OpenStack Mitaka 调度分析

最近我们升级openstack到mitaka版本,对比新版本Mitaka与Kilo相比调度算法上有了一些变更,这里做一个简单的分析。

今天不是对整个调度算法从头到尾进行完整分析,我觉得没有必要,现在Google、百度一搜一堆关于OpenStack Nova 调度的文章(当然,最好还是看官方文档)。那我要说的是什么呢?我要说的是他们俩之间的一处变更---增加了对计算节点单独设置超卖的支持

Kilo版本中是在控制节点统一配置的。当然,如果你们使用了aggregate的话,每个aggregate有自己的超卖设置。 通过在计算节点单独设置超卖可以使得资源的调度更加的灵活;对于管理员来说就多了一些资源使用的策略。

Mitaka 版本3种超卖比

  • AggregateCoreFilter的cpu_allocation_ratio metadata key
  • Compute node的配置文件nova.conf支持cpu_allocation_ratio参数设置[新增]
  • Controller node nova.conf的cpu_allocation_ratio参数设置

Nova调度核心算法

  1. 从DB中拿All ComputeHosts;
  2. 根据CONF中的scheduler_default_filters过滤器循环使用每个过滤器顺序、一次对上一个filter过滤出来的ComputeHosts进行过滤(不要被绕晕喽);
  3. 对filters筛选出来的ComputeHosts进行加权处理(weights);
  4. 选出可用的ComputeHosts。

问题

QA1: Filter的顺序(CoreFilter和AggregateCoreFilter)设置是否会影响到筛选的结果?

结论:Filter的顺序不同会影响调度的结果。

QA2: 添加了对单个ComputeNode设置超卖后,这三种设置优先级是怎样的呢?

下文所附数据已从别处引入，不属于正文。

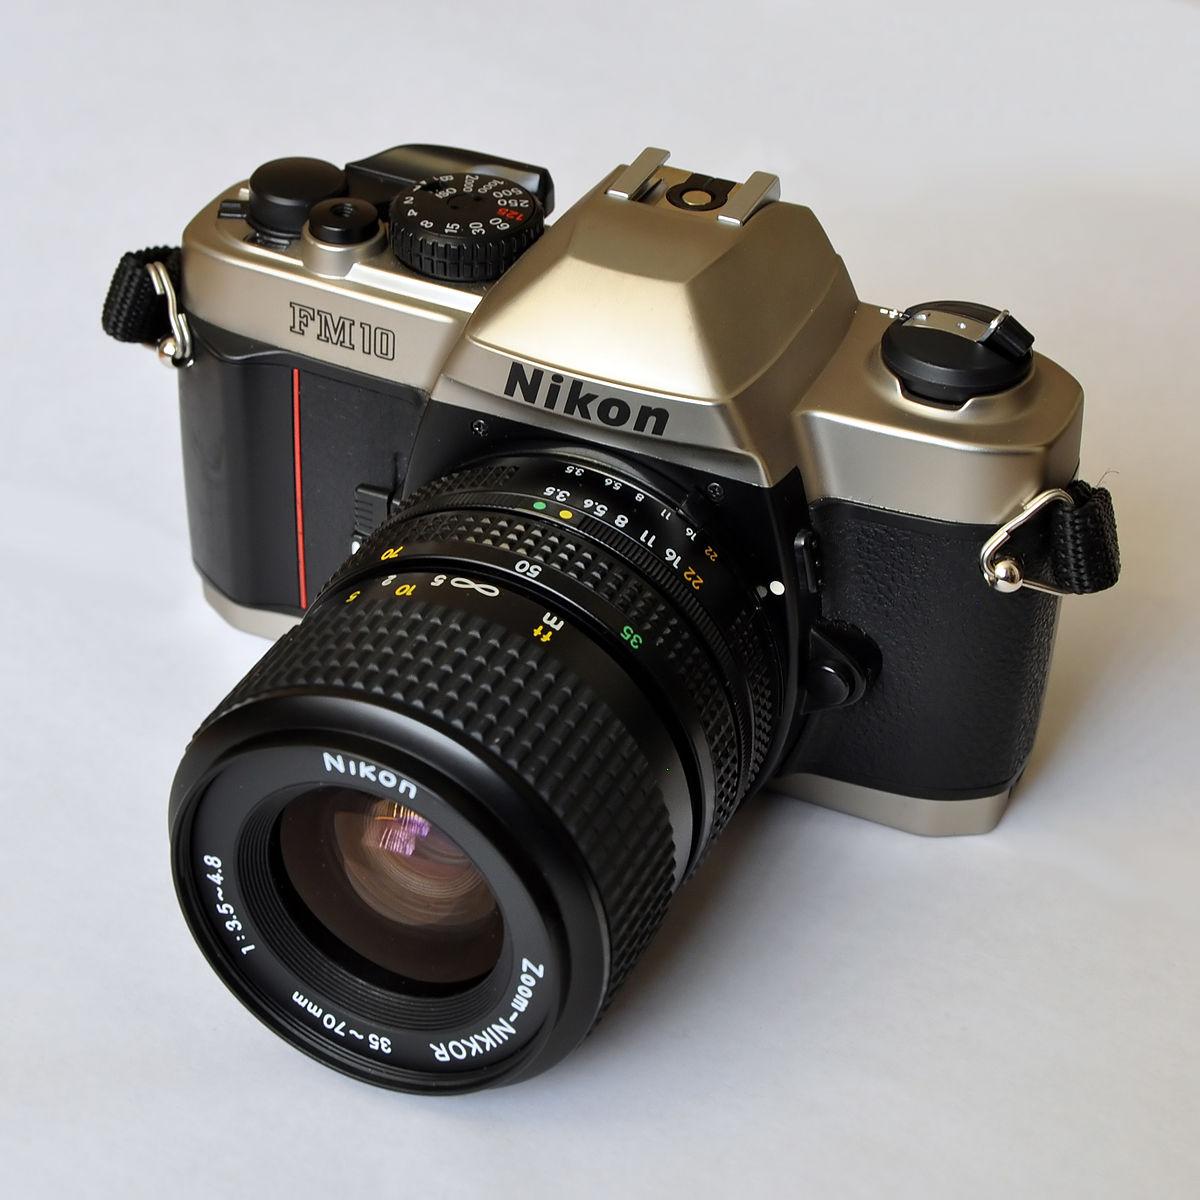 appareil photos nikon reflex

结论: 优先级:a > b > c 也就是说,当着3个值都存在时最先使用aggregate中的cpu_allocation_ratio值进行过滤筛选; 其次是计算节点本身设置的值,最后才是控制节点的全局值。

QA3: flavor设置了extra specs和没设置extra specs的请求过滤过程是怎样的? 设置了extra specs的能否调度到加入到没有加入任何aggregate中的计算节点上? 没设置extra specs的能否调度到加入了aggragate中的计算节点?

结论:比较复杂,看后面分析。

接下来就拿CoreFilter、AggregateCoreFilter、AggregateInstanceExtraSpecsFilter为例分析一下实现细节。 调度相关filters和weights

├── filters
│   ├── affinity_filter.py
│   ├── aggregate_image_properties_isolation.py
│   ├── aggregate_instance_extra_specs.py
│   ├── aggregate_multitenancy_isolation.py
│   ├── all_hosts_filter.py
│   ├── availability_zone_filter.py
│   ├── compute_capabilities_filter.py
│   ├── compute_filter.py
│   ├── core_filter.py
│   ├── disk_filter.py
│   ├── exact_core_filter.py
│   ├── exact_disk_filter.py
│   ├── exact_ram_filter.py
│   ├── extra_specs_ops.py
│   ├── image_props_filter.py
│   ├── __init__.py
│   ├── io_ops_filter.py
│   ├── isolated_hosts_filter.py
│   ├── json_filter.py
│   ├── metrics_filter.py
│   ├── numa_topology_filter.py
│   ├── num_instances_filter.py
│   ├── pci_passthrough_filter.py
│   ├── ram_filter.py
│   ├── retry_filter.py
│   ├── trusted_filter.py
│   ├── type_filter.py
│   ├── utils.py
├── 省略
└── weights
    ├── affinity.py
    ├── disk.py
    ├── __init__.py
    ├── io_ops.py
    ├── metrics.py
    └── ram.py

看下CoreFilter和AggregateCoreFilter的实现,他们都在上面filters/core_filter.py中

# 这是基类
class BaseCoreFilter(filters.BaseHostFilter):
    def _get_cpu_allocation_ratio(self, host_state, spec_obj):
        raise NotImplementedError
    def host_passes(self, host_state, spec_obj):
        """Return True if host has sufficient CPU cores."""
        # 如果计算节点没有vcpus_total属性,说明状态同步有问题
        if not host_state.vcpus_total:
            # Fail safe
            LOG.warning(_LW("VCPUs not set; assuming CPU collection broken"))
            return True
        # 从spec_obj中取出flavor中的vcpus值
        # spec_obj是flavor、image等设置的metadata key集合
        instance_vcpus = spec_obj.vcpus
        cpu_allocation_ratio = self._get_cpu_allocation_ratio(host_state,
                                                              spec_obj)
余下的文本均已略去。